Рев хищников эхом разносится по пустынным улицам. Они бегут не просто за мной – за угрозой, за позором, который до сих пор смахивает их босс, утирая кровь с лица. Но я не из тех, кто сдается. Я – огонь, брошенный в сухую траву. Пусть пытаются догнать.
Ноги бьют асфальт дробно, дыхание рвется, легкие горят, сердце долбит так, что звенит в ушах.
Я резко сворачиваю за мусорные баки, скольжу вдоль стены, меняю направление, не давая им сблизиться.
Шаги за спиной сбиваются, кто-то матерится, кто-то ускоряется – они все еще думают, что догонят.
Пусть думают.
Я режу угол, подныриваю под ржавую лестницу, сливаясь с тенью.
– Кто вообще эта девка? – хрипит один, запнувшись о бордюр. – Почему она так быстро бегает?
Повернула за угол – и передо мной возник отель, величественный и холодный, словно монумент из стекла и бетона. Его фасад блестел сотнями глаз – камер, зорко следящих за каждым шагом, каждым вздохом улицы.

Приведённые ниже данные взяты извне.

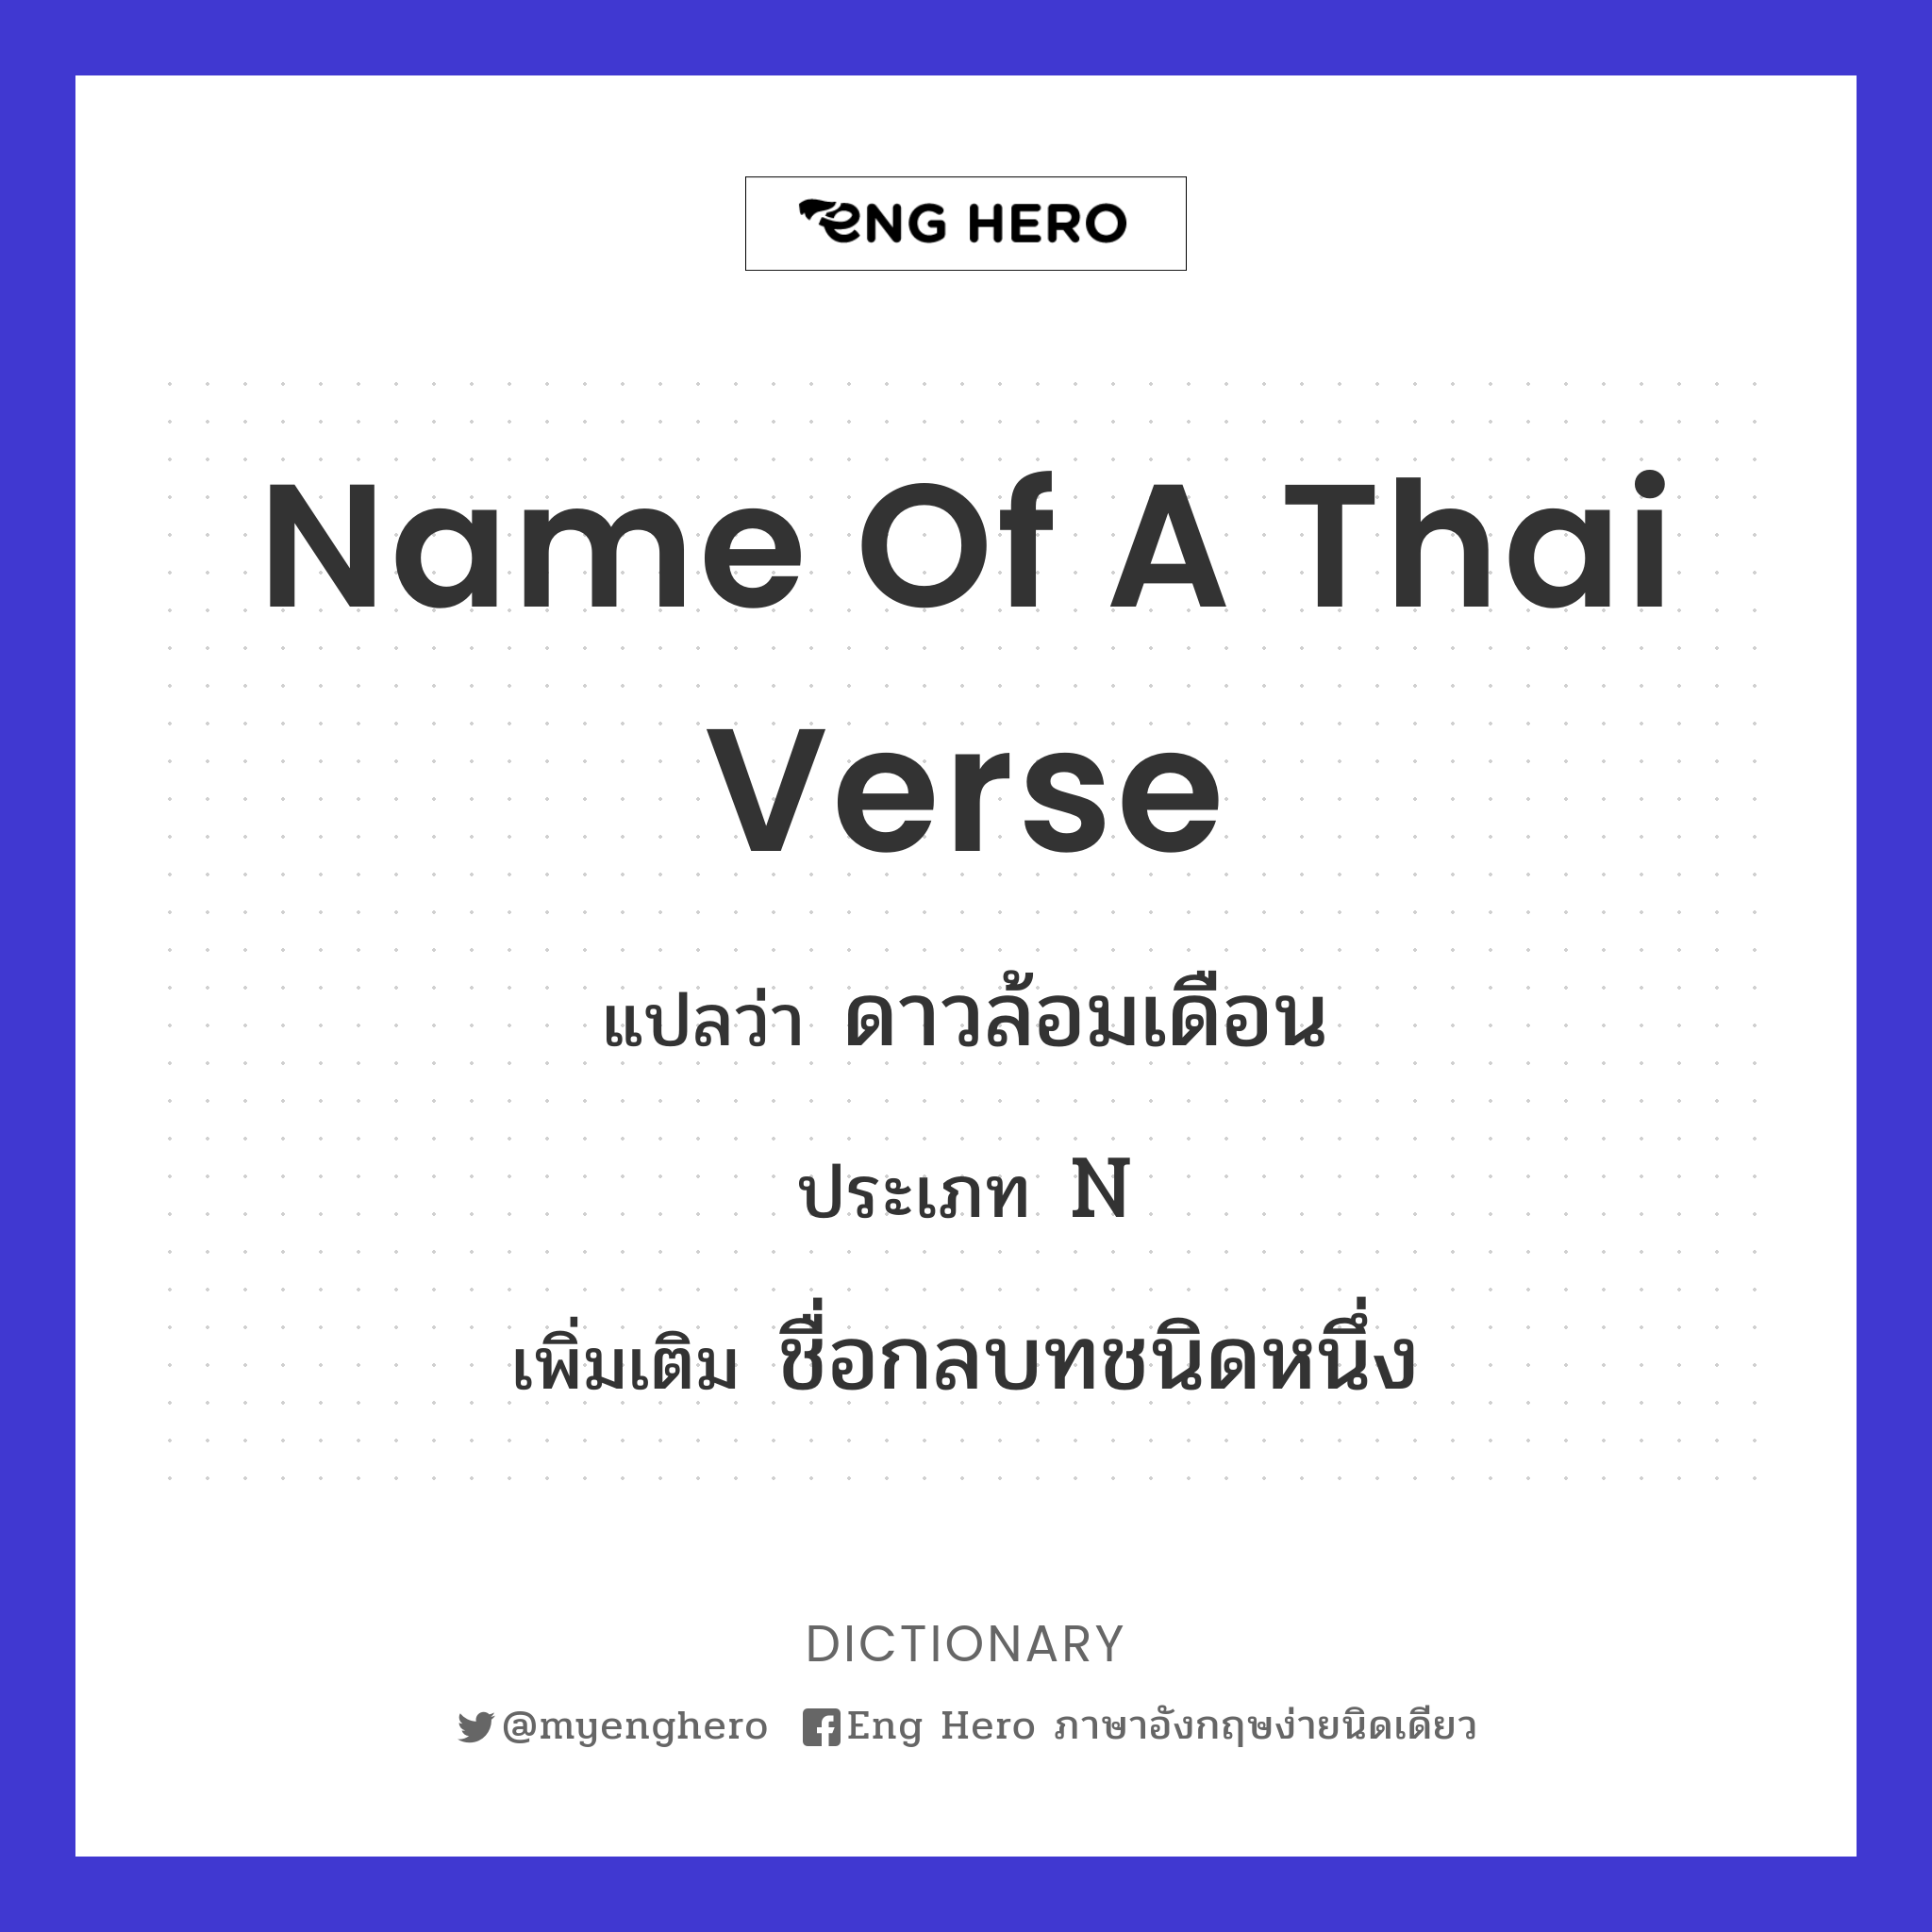 name of a Thai verse

Это был шах: положение опасное, но не без надежды.
Я рванулась туда, где мерцал свет, где суетился народ – сюда не пробьется их тень, здесь чужое поле для их игр.
Но судьба, как всегда, плела свои коварные узоры с улыбкой, наполненной едкой иронией.
Я врезалась в него с такой силой, будто сам город поставил передо мной баррикаду из плоти и стали. Нос ударился о его грудь, и в этот момент я снова ощутила, как чертовски уязвимо быть человеком. Хруст реальности. Вдох – рваный. Боль – чистая, живая, отрезвляющая.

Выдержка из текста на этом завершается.